Excluding pictures, transcribe precisely the lines from the one containing "Billabong Soeta Residence: Site Plan" to the final line of the listing below, inclusive, and nothing more.

(Raw data):
------------
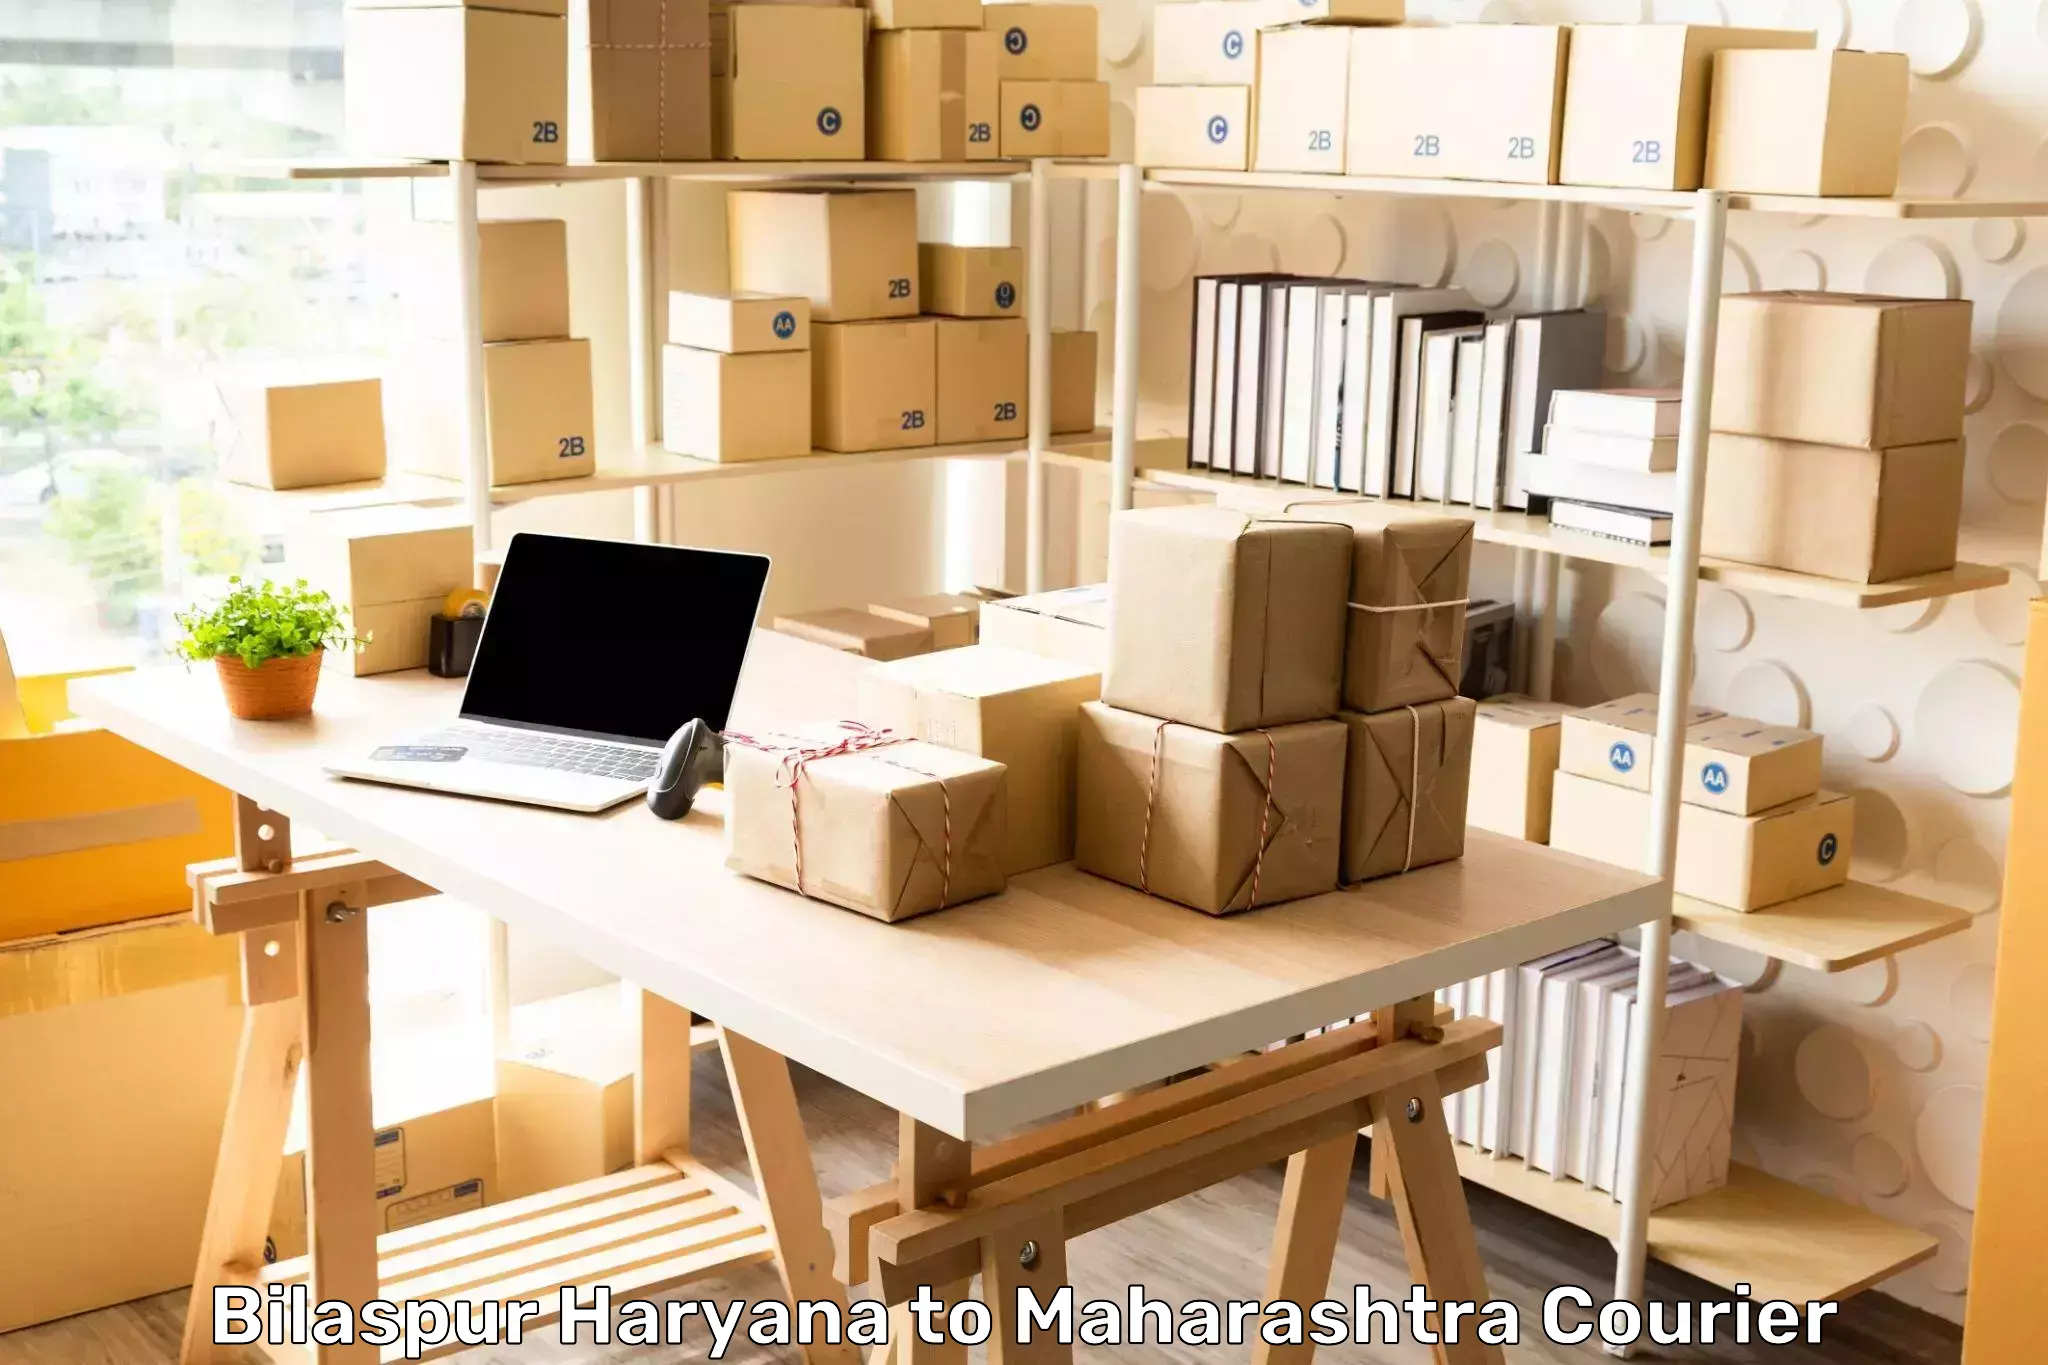 Flexible delivery schedules Bilaspur Haryana to Aurangabad
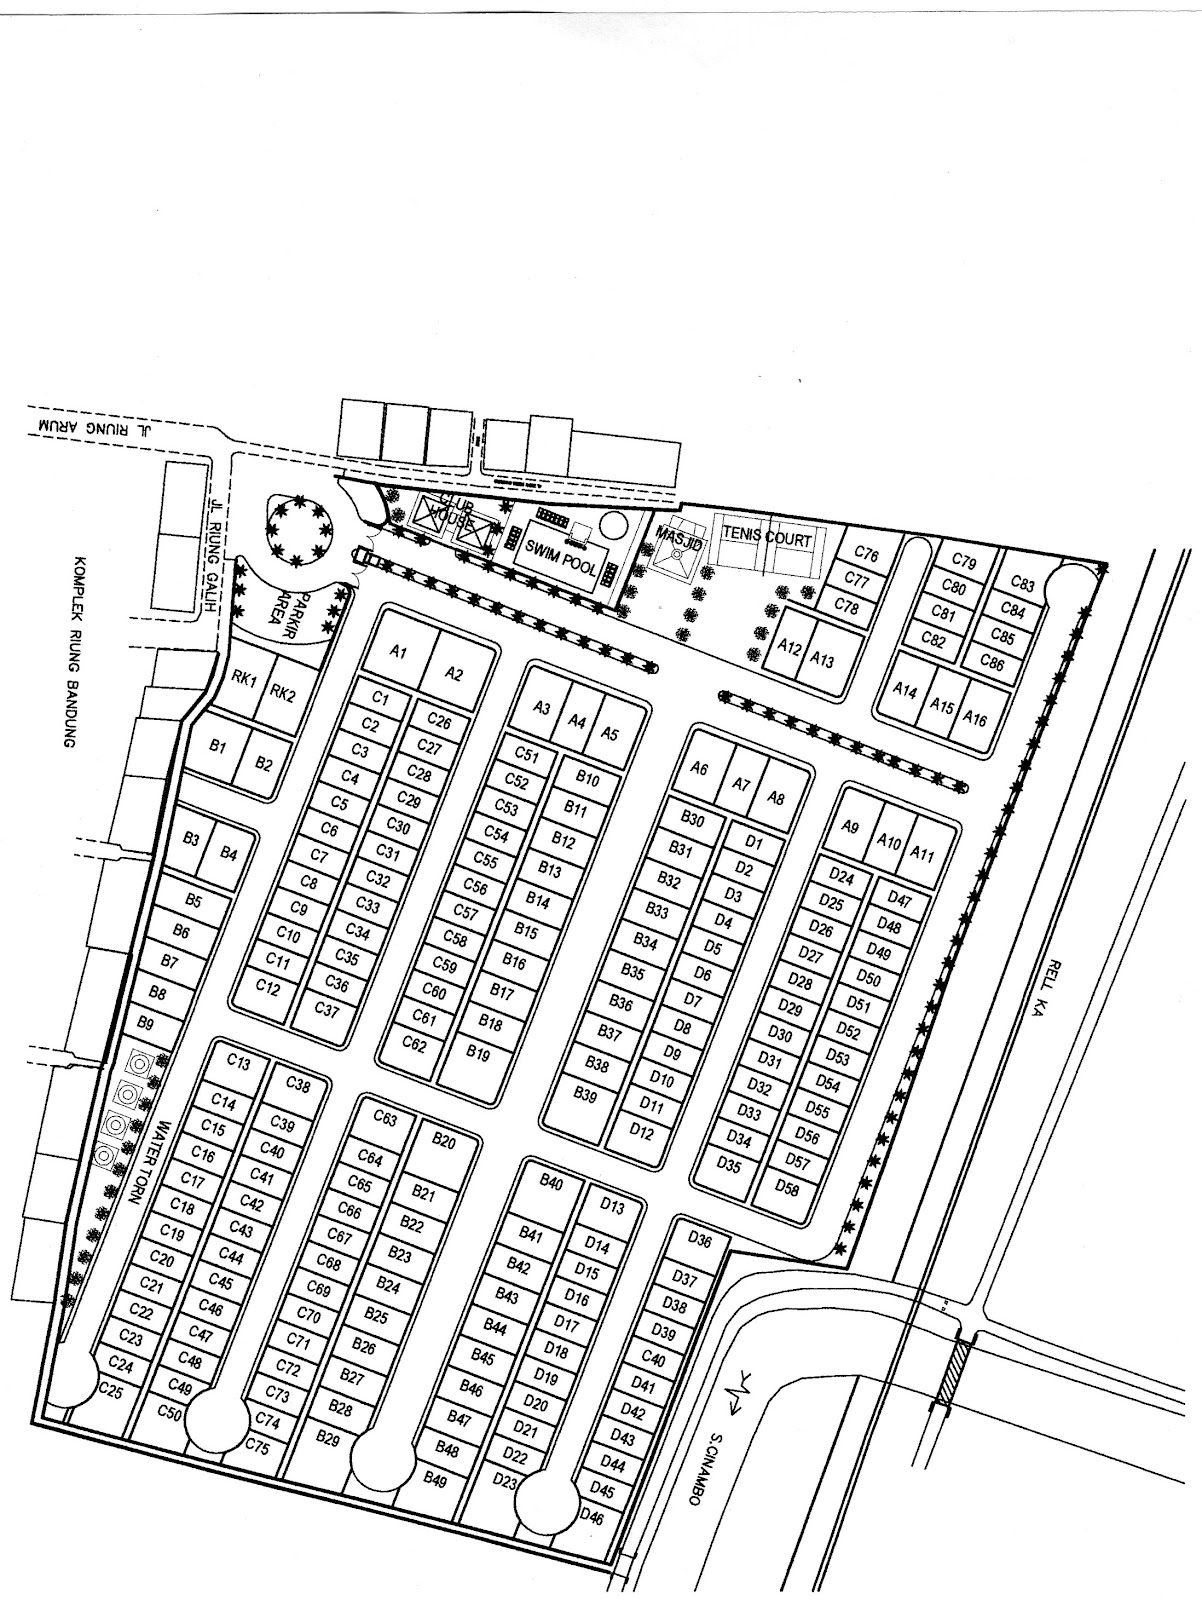 Billabong Soeta Residence: Site Plan
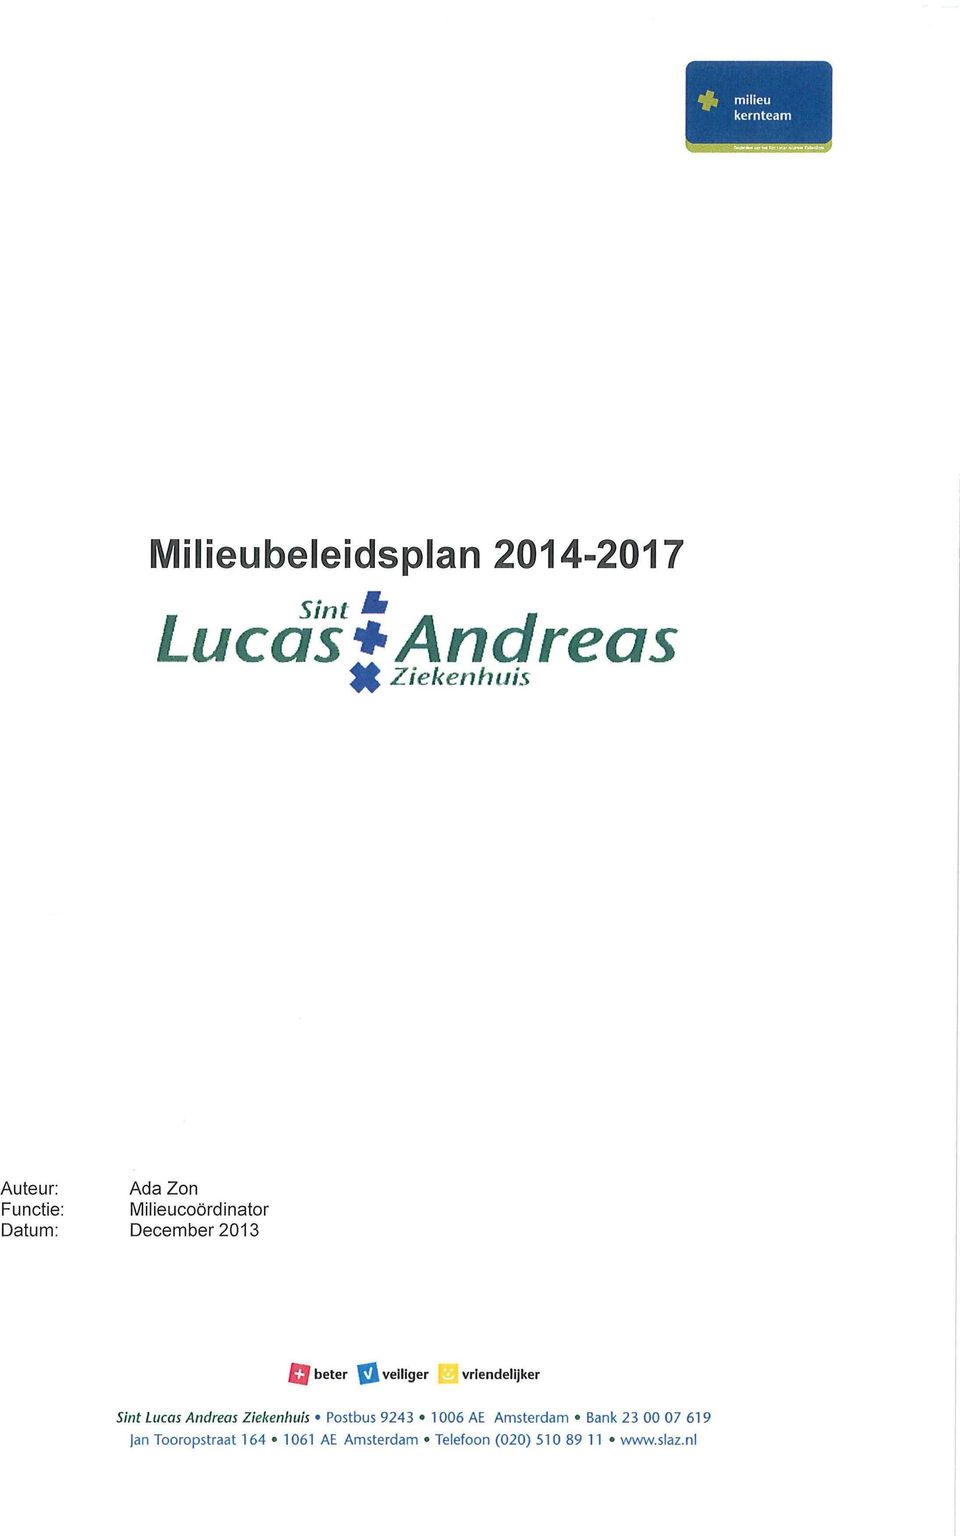 vriendelijker Sint Lucas Andreas Ziel<enlwis Postbus 9243 1006 AE Amsterdam Bank
------------
(Exercise solution):
 Billabong Soeta Residence: Site Plan
 vriendelijker Sint Lucas Andreas Ziel<enlwis Postbus 9243 1006 AE Amsterdam Bank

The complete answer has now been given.